Один из покупателей, изучавших каталоги пластинок, интеллигентного вида, пожилой, явно за пятьдесят, но моложаво выглядевший мужчина, плотный, среднего роста, одетый в светлый костюм и синюю рубаху без галстука (все это Светлана рассмотрела уже несколько позже), вдруг обратился к ней таким тоном, словно продолжал с нею задушевную дружескую беседу, прерванную нечаянно. Он выбрал момент, когда никого другого у прилавка не было.
— Значит, получили весточку от Пьетро, Светлана Алексеевна?

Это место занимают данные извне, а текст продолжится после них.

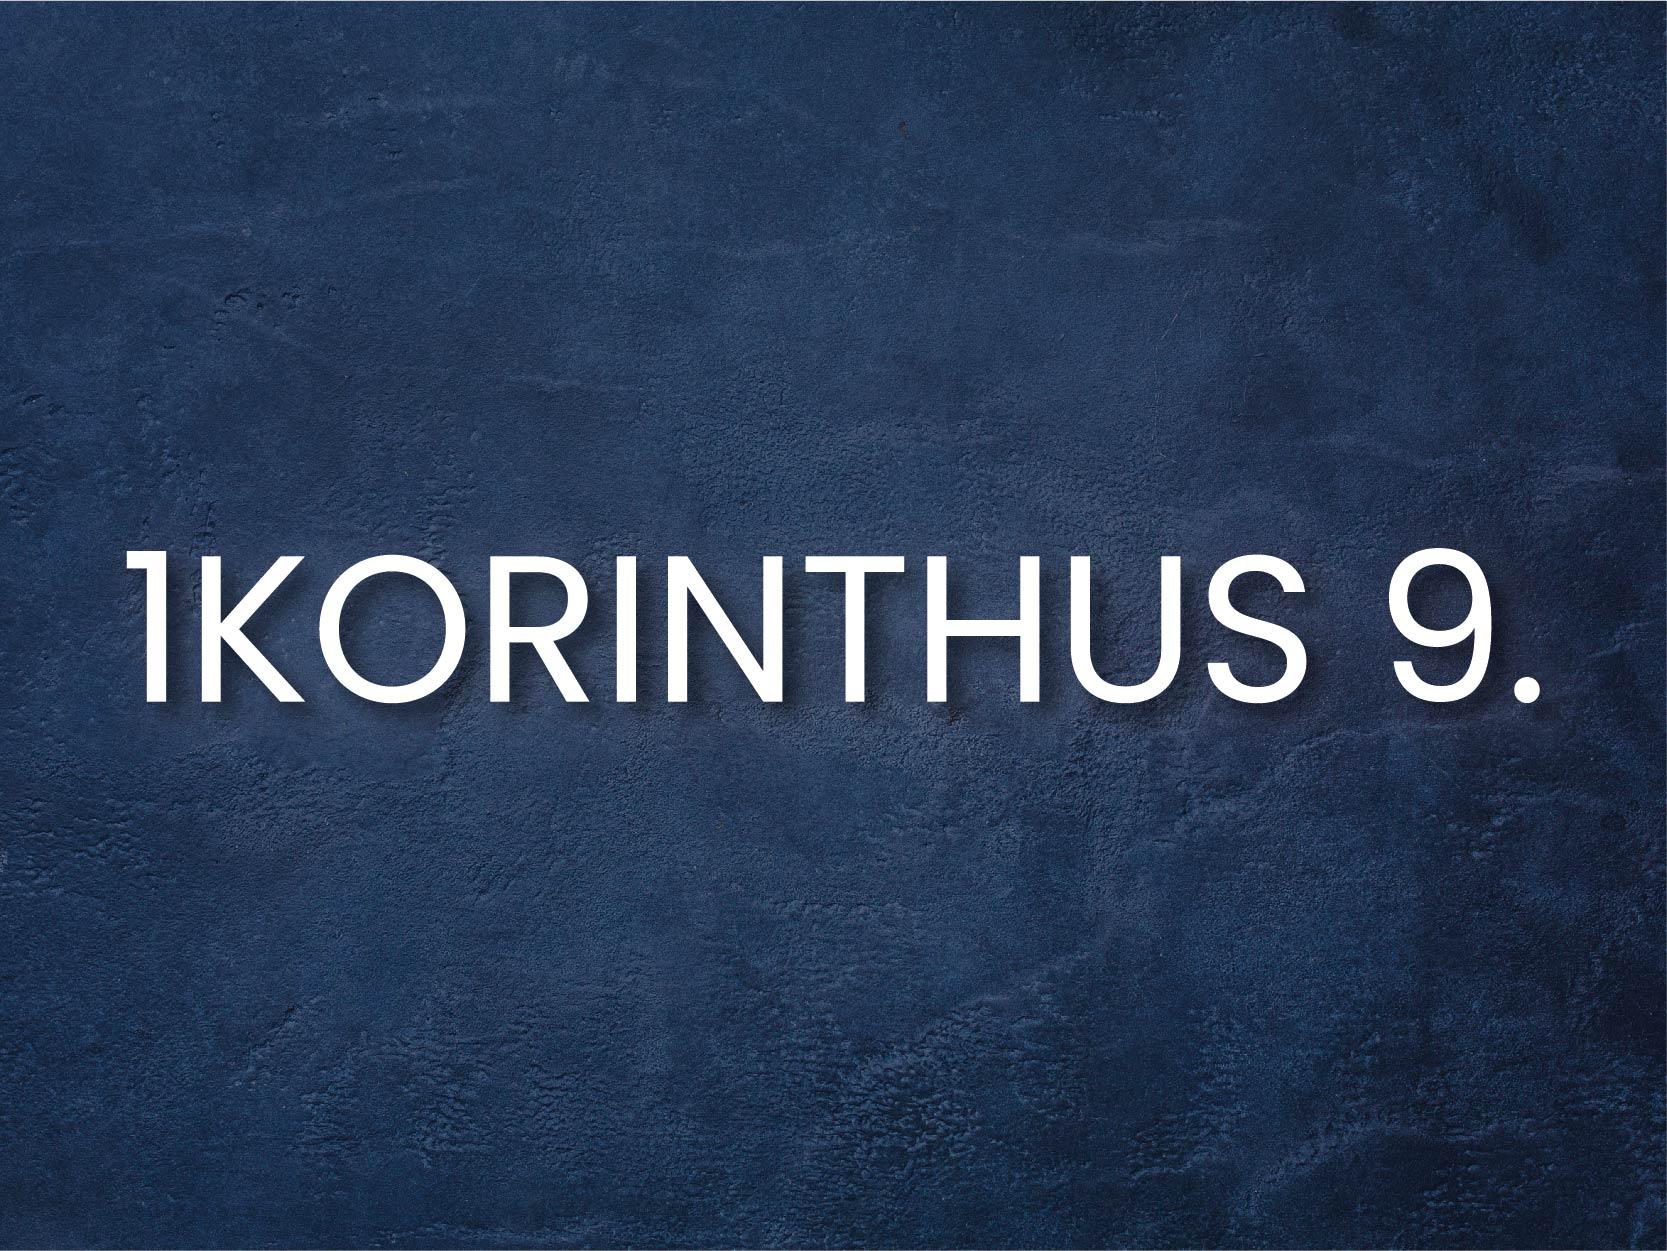 INFO_korinthus_9

Она удивилась, но, выдерживая свою манеру внешне ничему не удивляться, ответила так, будто и она всего лишь продолжала беседу:
— Да. Но откуда вам это известно?
Он усмехнулся отечески.
— Видите ли, я знаком с тем человеком… ну, что привез вам посылку из Италии. Я ведь и Пьетро знаю. Он мне рассказывал о вас.
— Вы даже и по отчеству меня знаете, — сказала Светлана.
Он кивнул на дощечку, висевшую на стене позади нее: «Сегодня вас обслуживает продавец…» Она обернулась, поглядела и расхохоталась.
— Ой, правда, тут же написано! Кто я после этого, скажите?
— Вы совершенно очаровательная девушка, и Пьетро Маттинелли можно понять.
Нет, ей определенно начинал нравиться этот пожилой спокойный человек.
— А как зовут вас?
— Виктор Андреевич.
— Вы что, работаете на химзаводе?
— Да, в одной из лабораторий. Мне не так часто приходилось общаться с Пьетро по работе, но мы довольно близко познакомились.
— Он вам нравится?
— По-моему, очень хороший человек.
— Мне кажется, он прямой и открытый. А вы давно здесь живете?
— Приехал сразу после войны.
Она посмотрела на его руки — есть ли обручальное кольцо. — И от него не ускользнул этот взгляд.
— Я одинокий. Жена и дочь погибли в оккупации.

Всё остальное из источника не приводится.